California legislators took the next steps to pass a law allowing college athletes to make money off of their name and likeness, which currently violates NCAA rules. College athletes like the law because it doesn’t say anything about having to attend classes.

Walmart is rolling out a subscription service for unlimited grocery delivery – provided all you want is soda, chicken fingers and potato chips.

Researchers found that standing desks offer no meaningful health benefits. They say the main advantage of a standing desk is alleviating temporary discomfort – but that workplace discomfort can also be alleviated by quitting.

Comedian Artie Lange announced he’s seven months sober and out of rehab. A judge told Lange to keep his nose clean, and Lange replied it should be easy, since there isn’t much of his nose left.

Mike “The Situation” Sorrentino was released from prison, where he served eight months for tax evasion. He’s now Mike “The Probation” Sorrentino.

Sharon Osbourne showed off her latest facelift on the season premiere of ‘The Talk’. Ozzy would get a facelift, but he has a hard enough time talking out of the face he has.

The New York Times alleges 2018 Triple Crown winning horse Justify failed a drug test before winning the Kentucky Derby. Since winning the Triple Crown, Justify has also become more difficult to deal with and walked out of an intervention.

A new company is selling “Granny Pods” – a one-person modular home for grandparents you can put in your backyard with enhanced safety and medical monitoring features. And even though it’s close, you don’t have to visit.

The Cleveland Browns banned the wrong fan from future games for throwing beer on a Tennessee Titans player after Sunday’s home opener. The Browns lost 43-13, so thousands of fans banned themselves from upcoming home games.

Amazon opened up Alexa Answers, crowdsourced responses to questions that previously stumped Alexa, such as “where to bats go in the winter?”; “what is cork made of?”; and “why am I such a loser that I spend most of my time talking to an appliance?”.

A ‘flying taxi’, backed by Google co-founder Larry Page, is starting test runs in New Zealand.  So far the biggest issue is passengers falling to their deaths after saying “just drop me off anywhere.”

President Trump addressed the military on Tuesday and floated the idea of creating a “Space Force” to fight future battles in outer space. The Chairman of Fox Entertainment declared the newly debuted Fox Kids cartoon ‘Space Force’ a huge hit.

Renowned physicist Stephen Hawking died at age 76. No cause of death was listed but I mean…come on.
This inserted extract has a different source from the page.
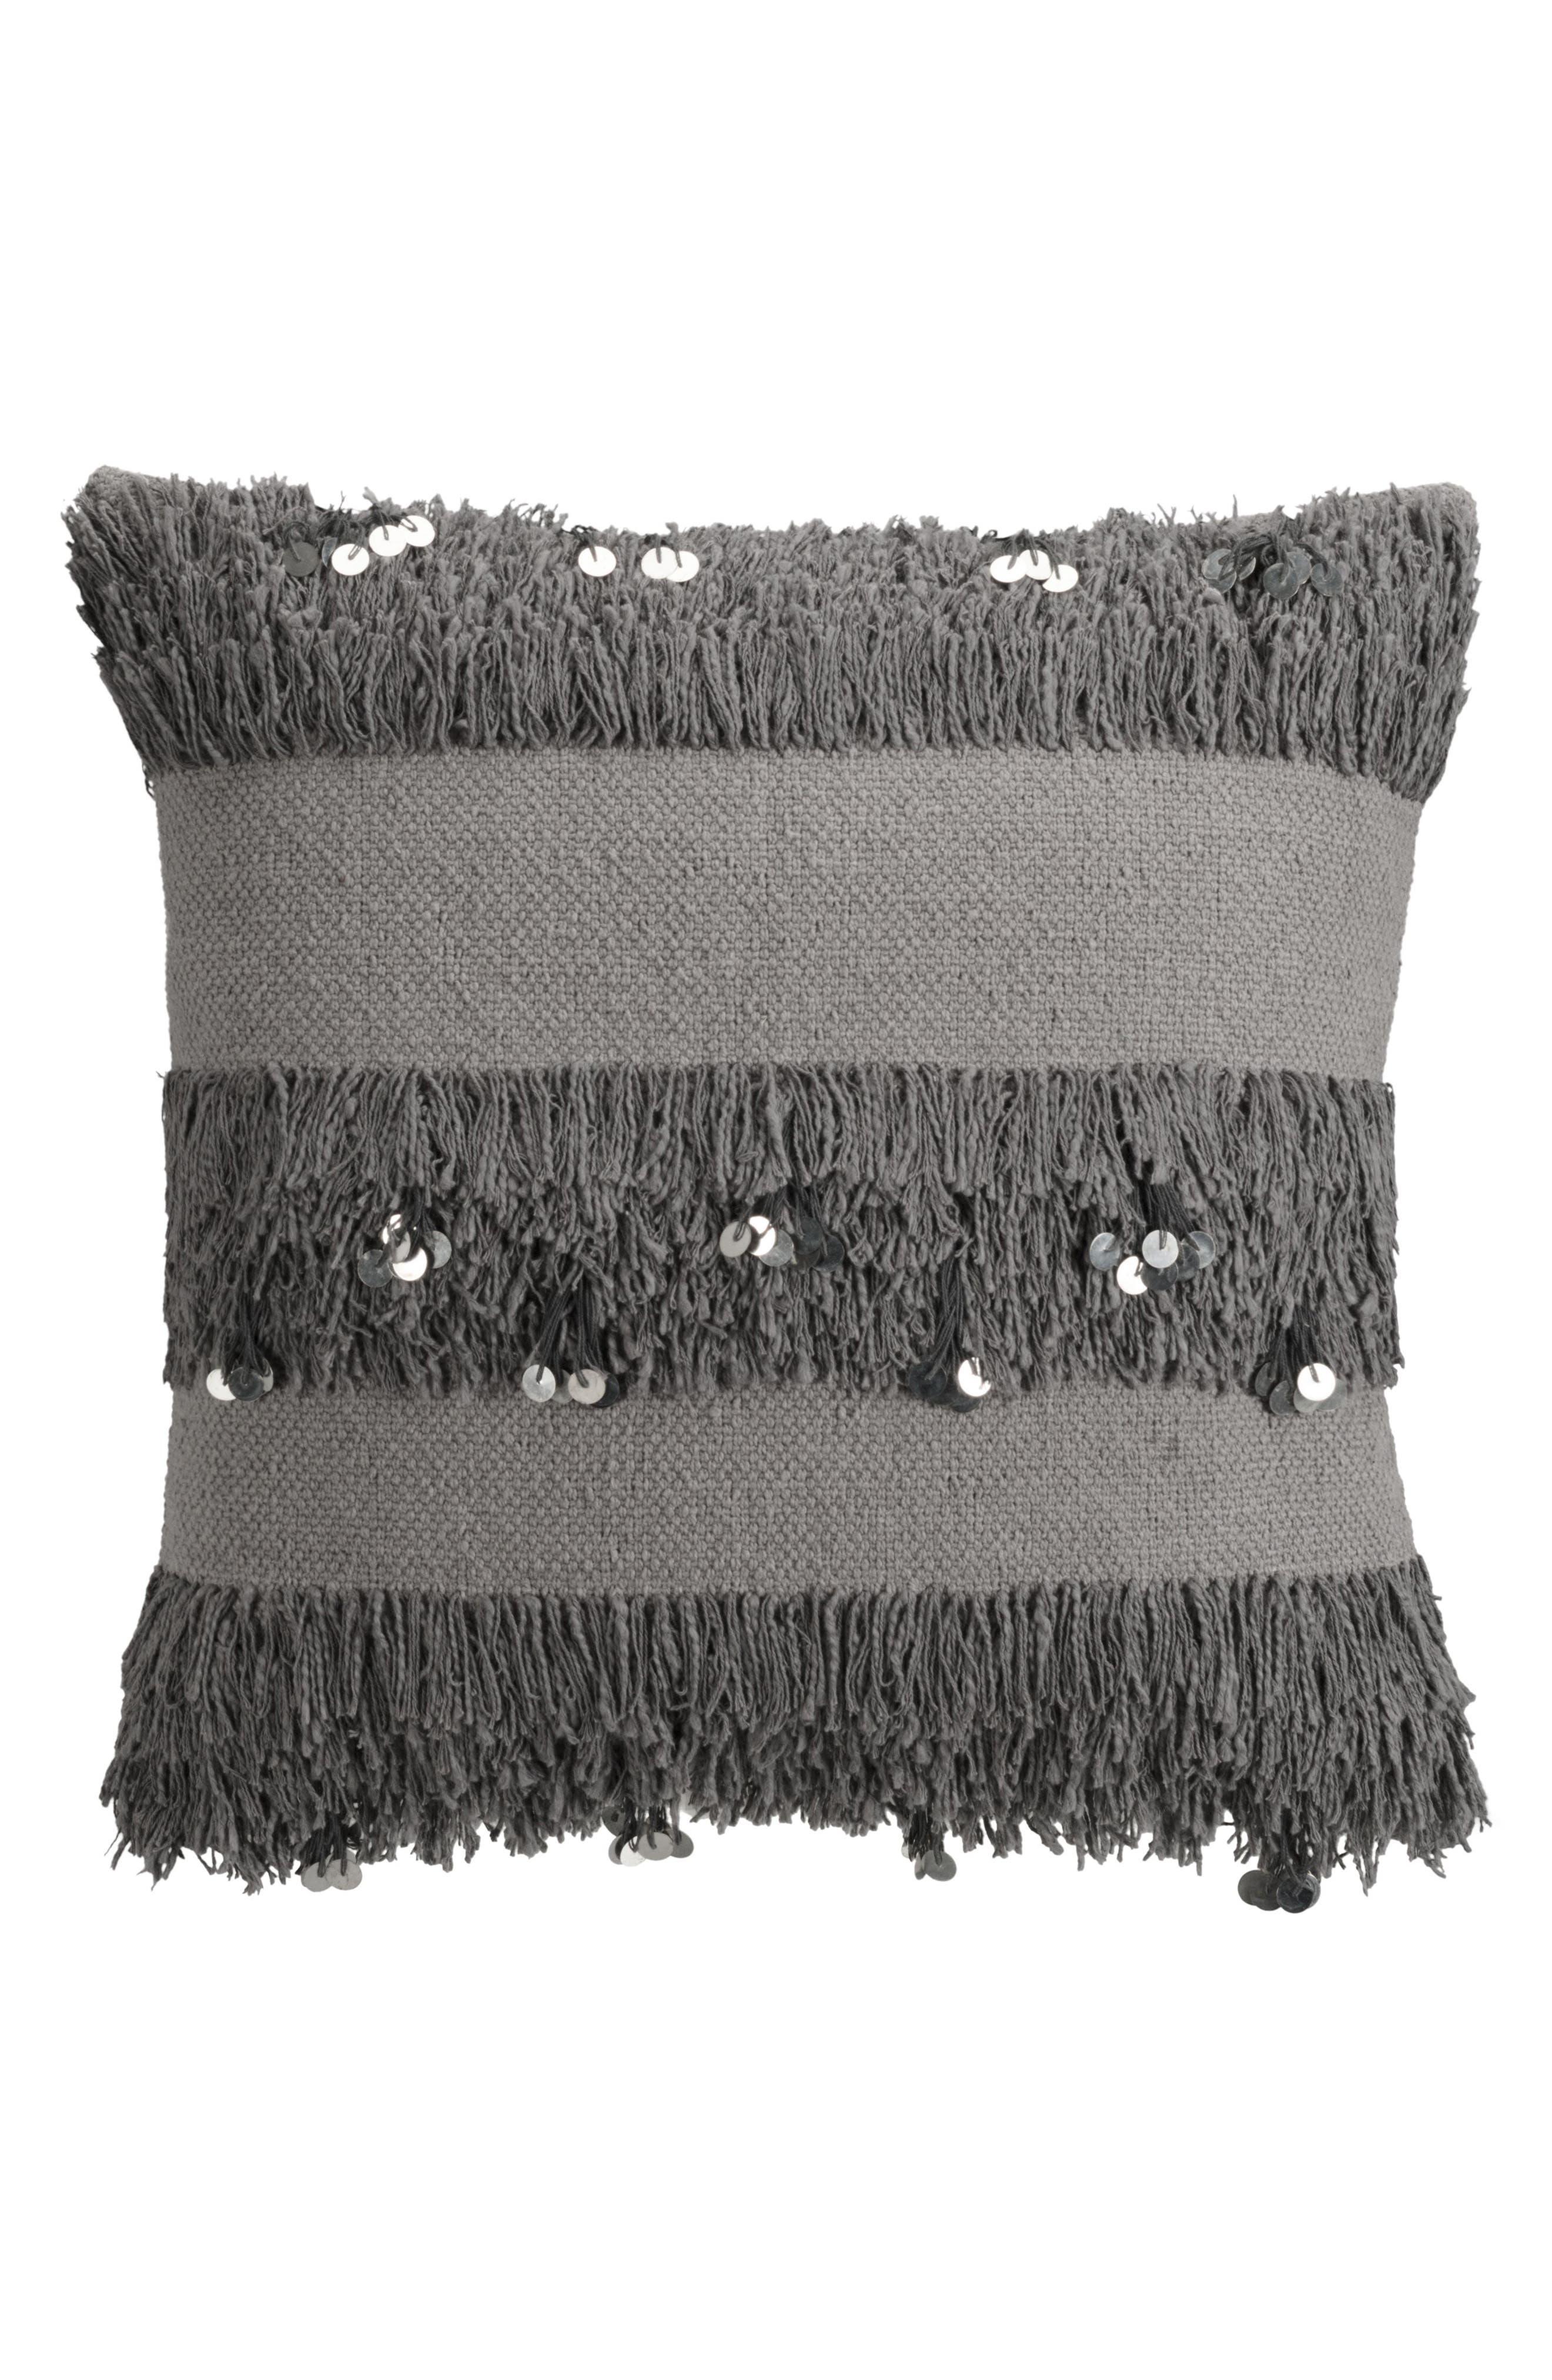 cupcakes & cashmere Sequin Fringe Pillow

The U.K. will expel 23 Russian diplomats after Moscow refused to explain how a Russian-made nerve agent was used on a former spy in Salisbury, England. The diplomats are said to be stunned over a return to Russia, thinking there’s no way they’d have to live anywhere that the food is worse than England.
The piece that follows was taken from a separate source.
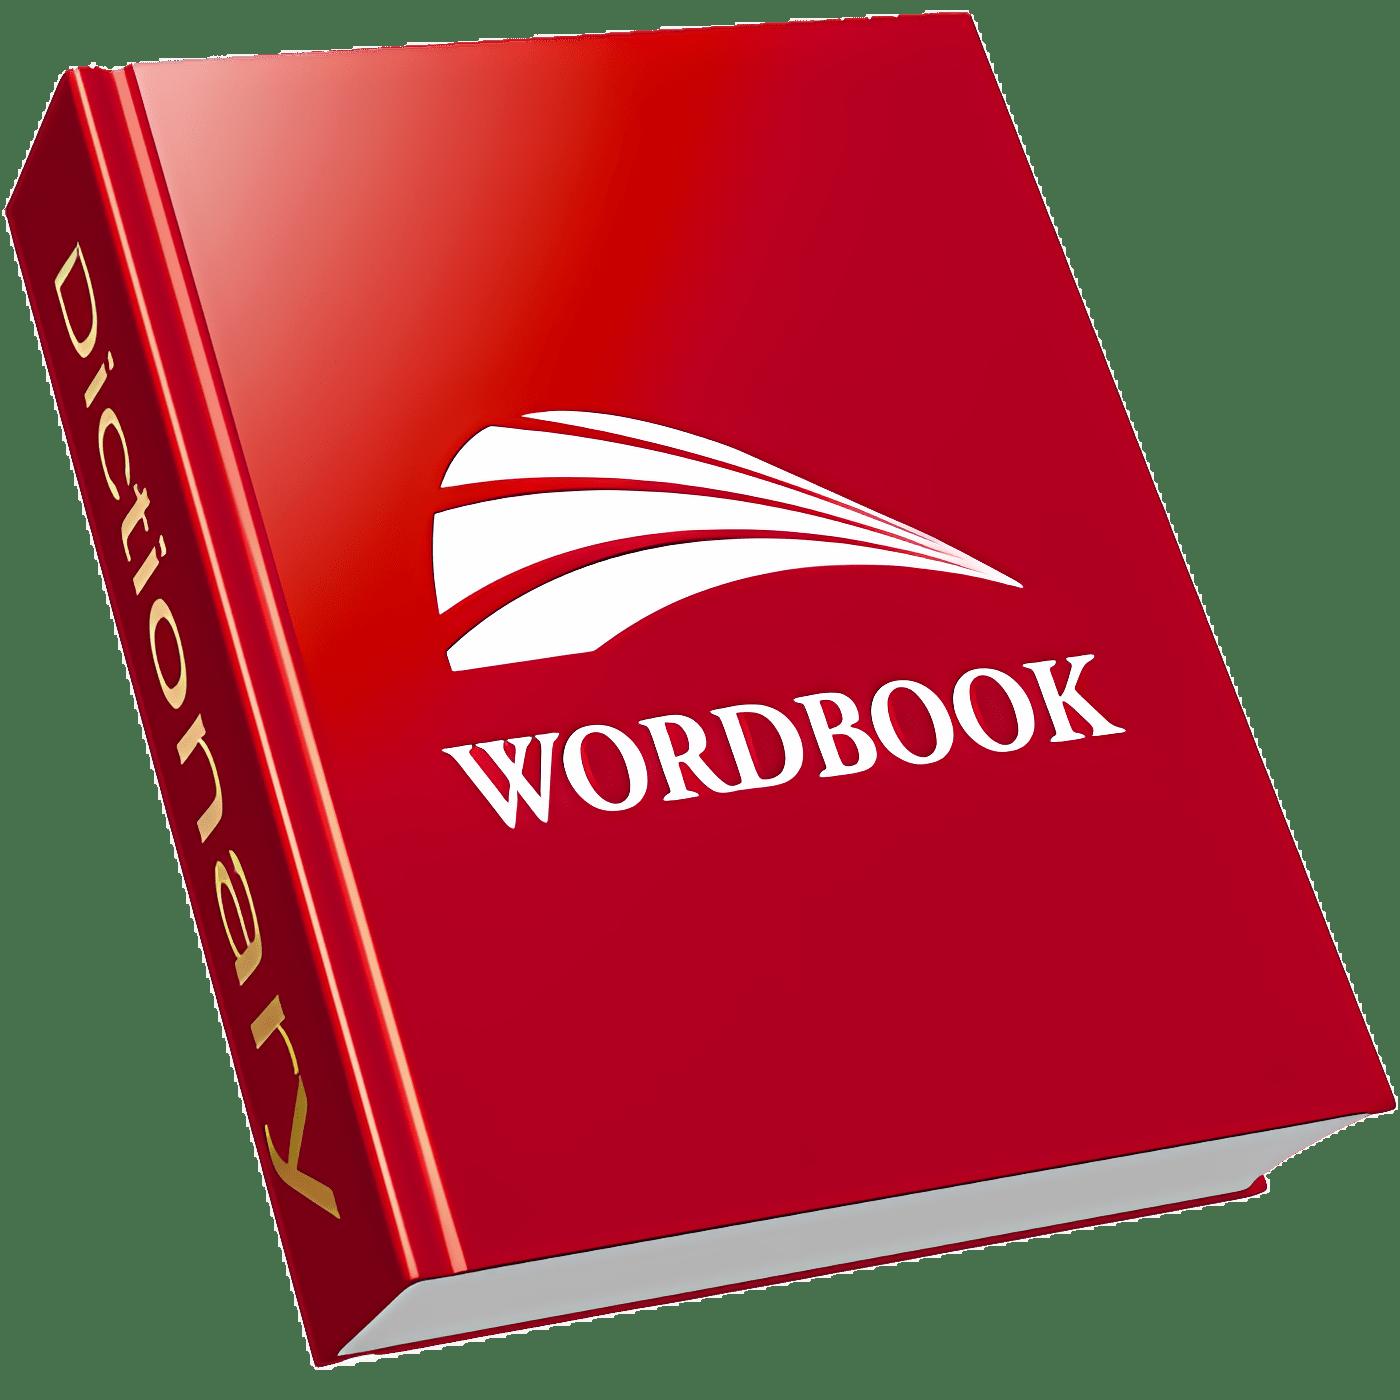 WordBook English Dictionary and Thesaurus 1.2

The World Surf League has instructed broadcasters televising women’s surfing events to avoid close-ups of the surfers’ crotches and buttocks in high-cut bikini bottoms. Representatives for the broadcasters agreed, and said they’ll try to focus their cameras on the sharks ogling the women from several feet away.

Walmart plans to expand its grocery delivery business – meaning they’ll ask the Frito-Lay and Hawaiian Punch truck drivers to toss stuff on Walmart shoppers’ porches on their way to the stores.

‘Ear seeds’, or auriculotherapy is trending. The treatment derives from Chinese medicine and involves sticking plant seeds on the ear to treat bodily ailments. The treatment can be done at home, but some hospitals have reported treating infections from cheapskates rubbing sesame seed Whopper buns on their ears.

Students nationwide walked out of their high-school classes to protest gun violence. Most protests are planned to last at least 17 minutes — or, longer, if you’re the skinny kid and it’s Dodgeball Week in gym.

A California teacher and reserve police officer trained in gun usage accidentally fired his weapon during a public safety class, sending a bullet in to the ceiling and injuring a student from falling debris. The accidental firing is in dispute, since the teacher’s last words before the gun went off were “I said SHUT UP.”

Ford Motor Company is recalling over a million midsize cars since the steering wheel can become detached, and knock the cell phone out of drivers’ hands.